▶ [YOUR TASK]
When you copy the listing, skip the images and return each line verbatim.

▶ [INPUT DATA]
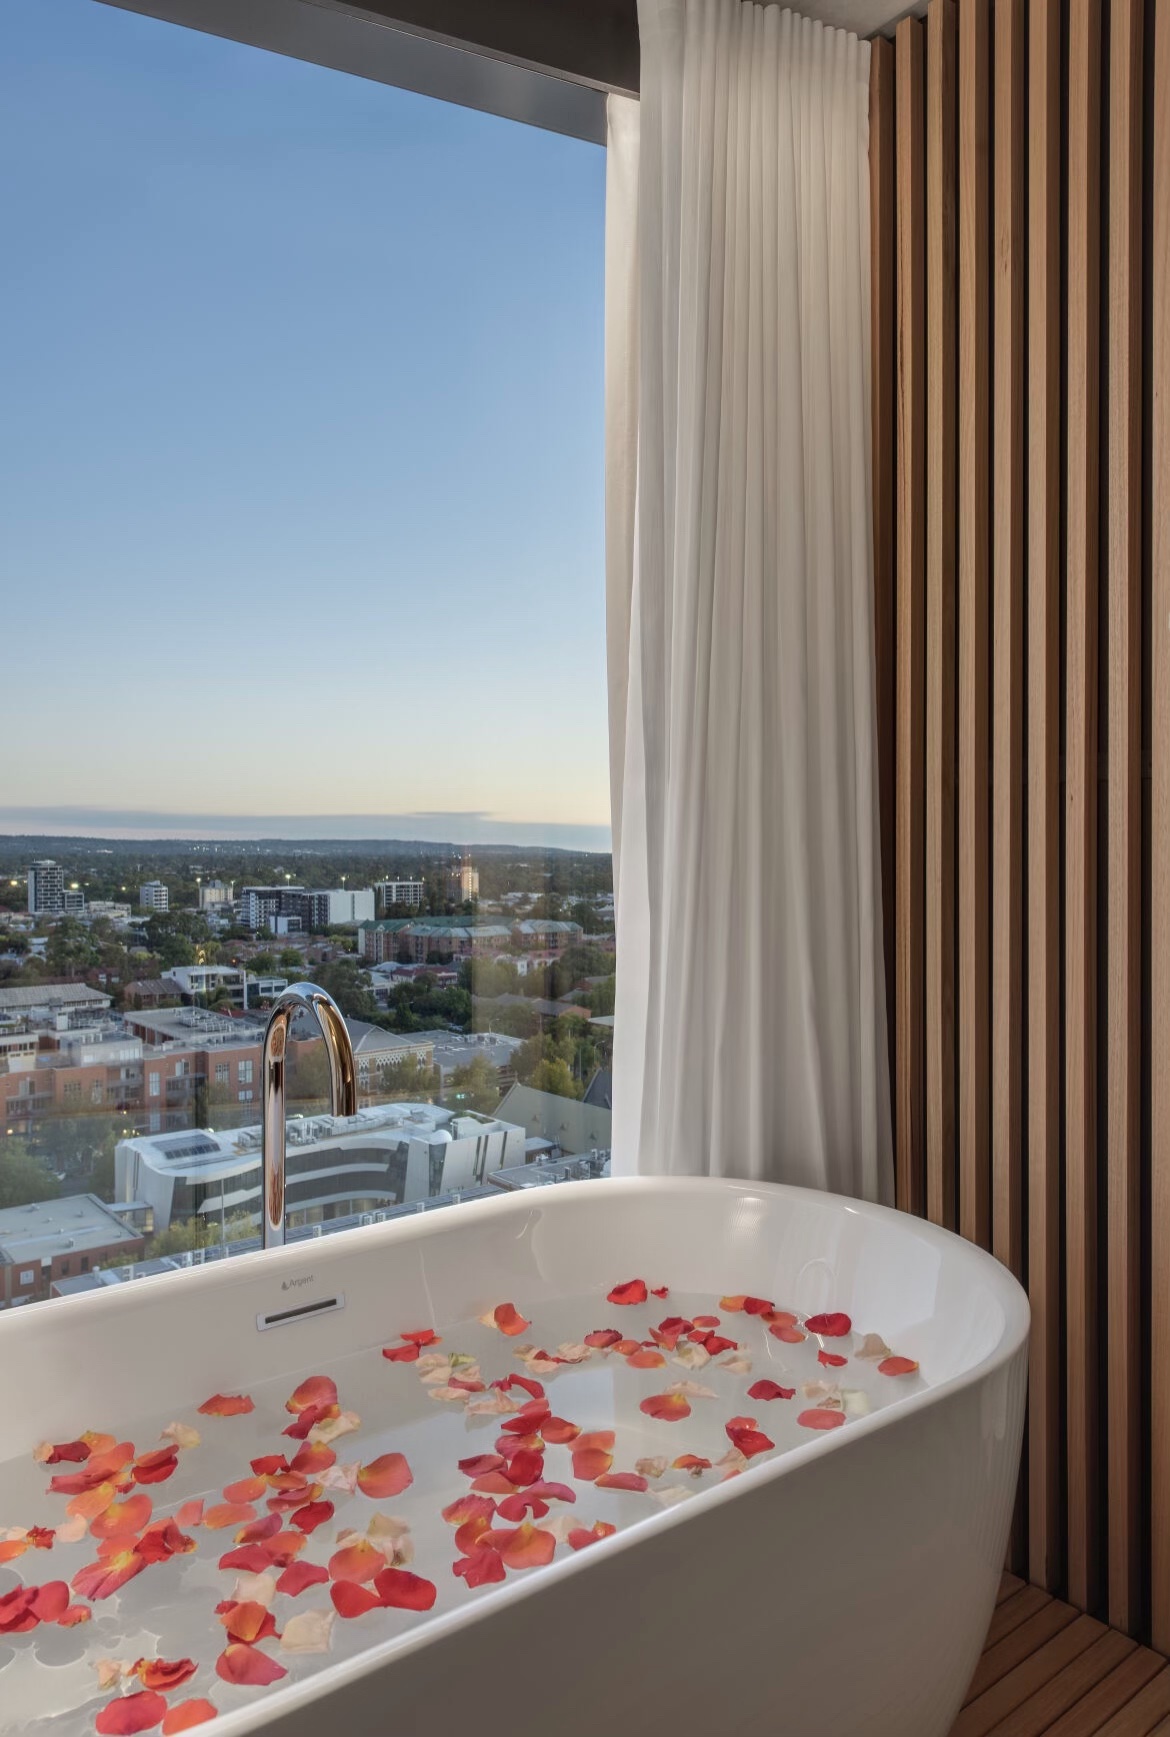 WIN a 2 Night Stay in the Vibe Hotel Urban Retreat Room Plus A Bottle of Bubbles and BreakFast For 2!
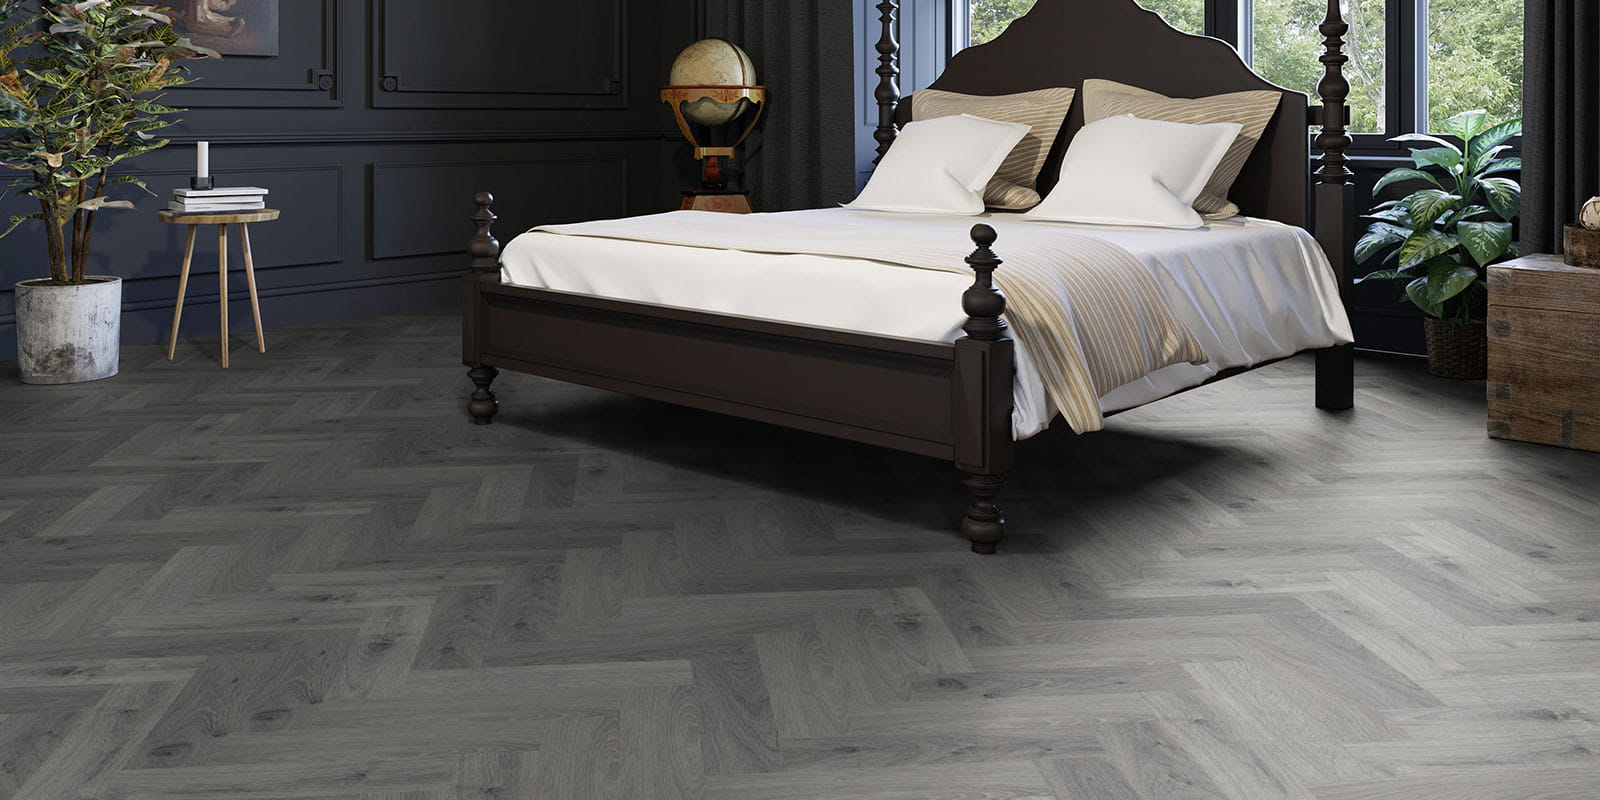 Invictus® sol vinyle de luxe - Highland Oak - Frosted - Bed
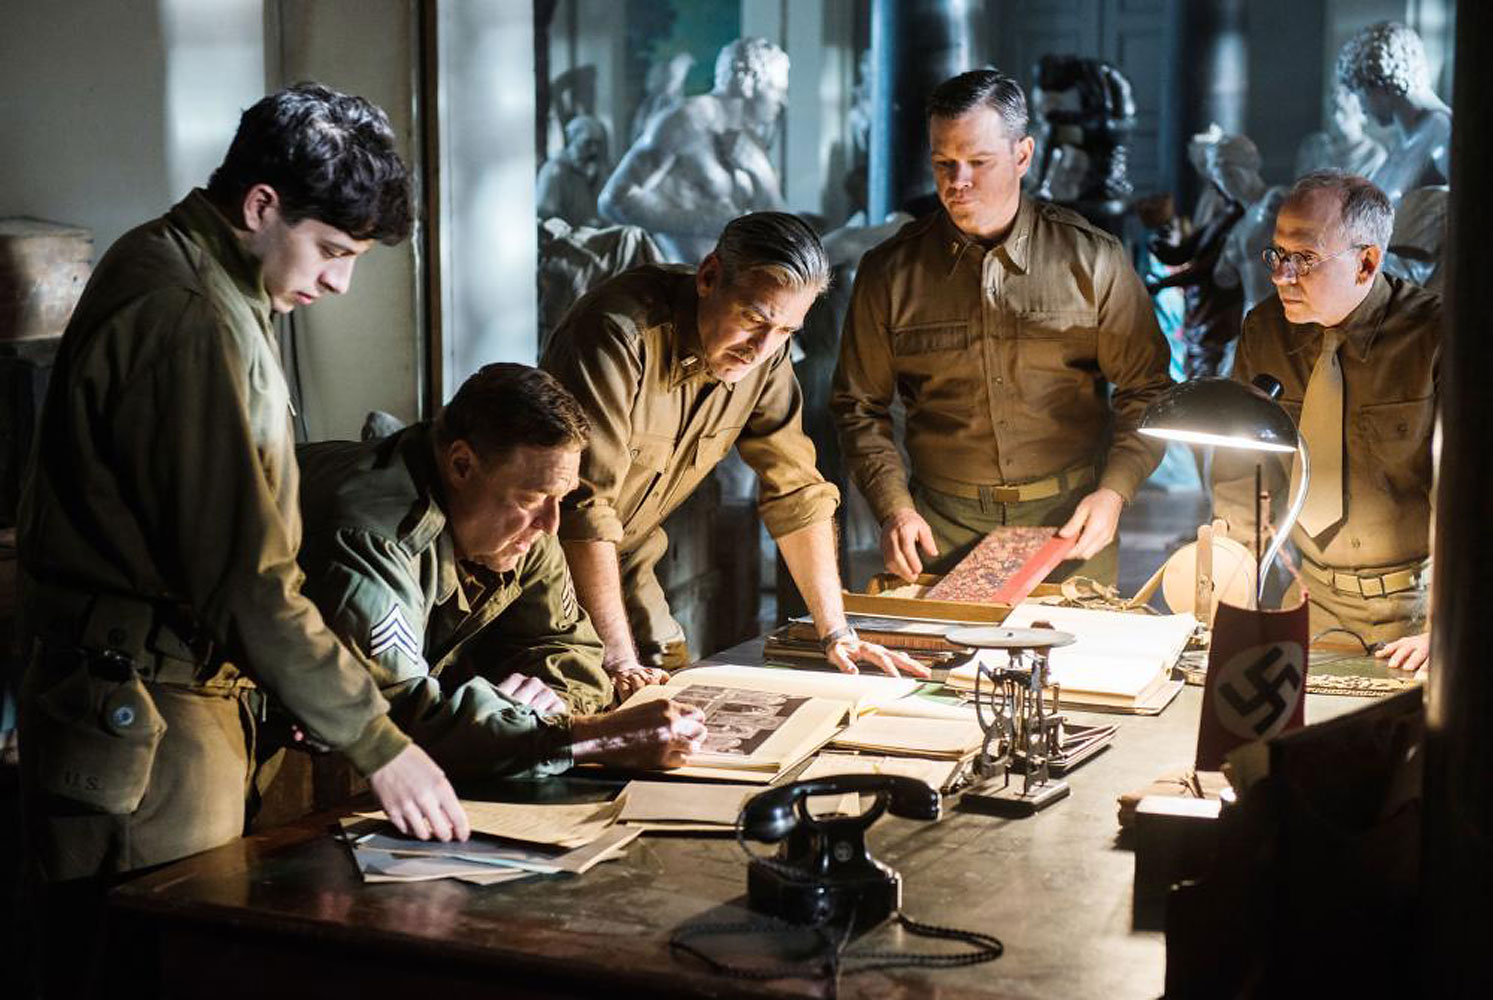 George Clooney’s newest film, Monuments Men, follows the exploits of an Allied platoon of seven “Monuments Men” who enter Germany during the end of World War II to rescue art stolen by the Nazis.

▶ [YOUR RESPONSE]
 WIN a 2 Night Stay in the Vibe Hotel Urban Retreat Room Plus A Bottle of Bubbles and BreakFast For 2!
 Invictus® sol vinyle de luxe - Highland Oak - Frosted - Bed
 George Clooney’s newest film, Monuments Men, follows the exploits of an Allied platoon of seven “Monuments Men” who enter Germany during the end of World War II to rescue art stolen by the Nazis.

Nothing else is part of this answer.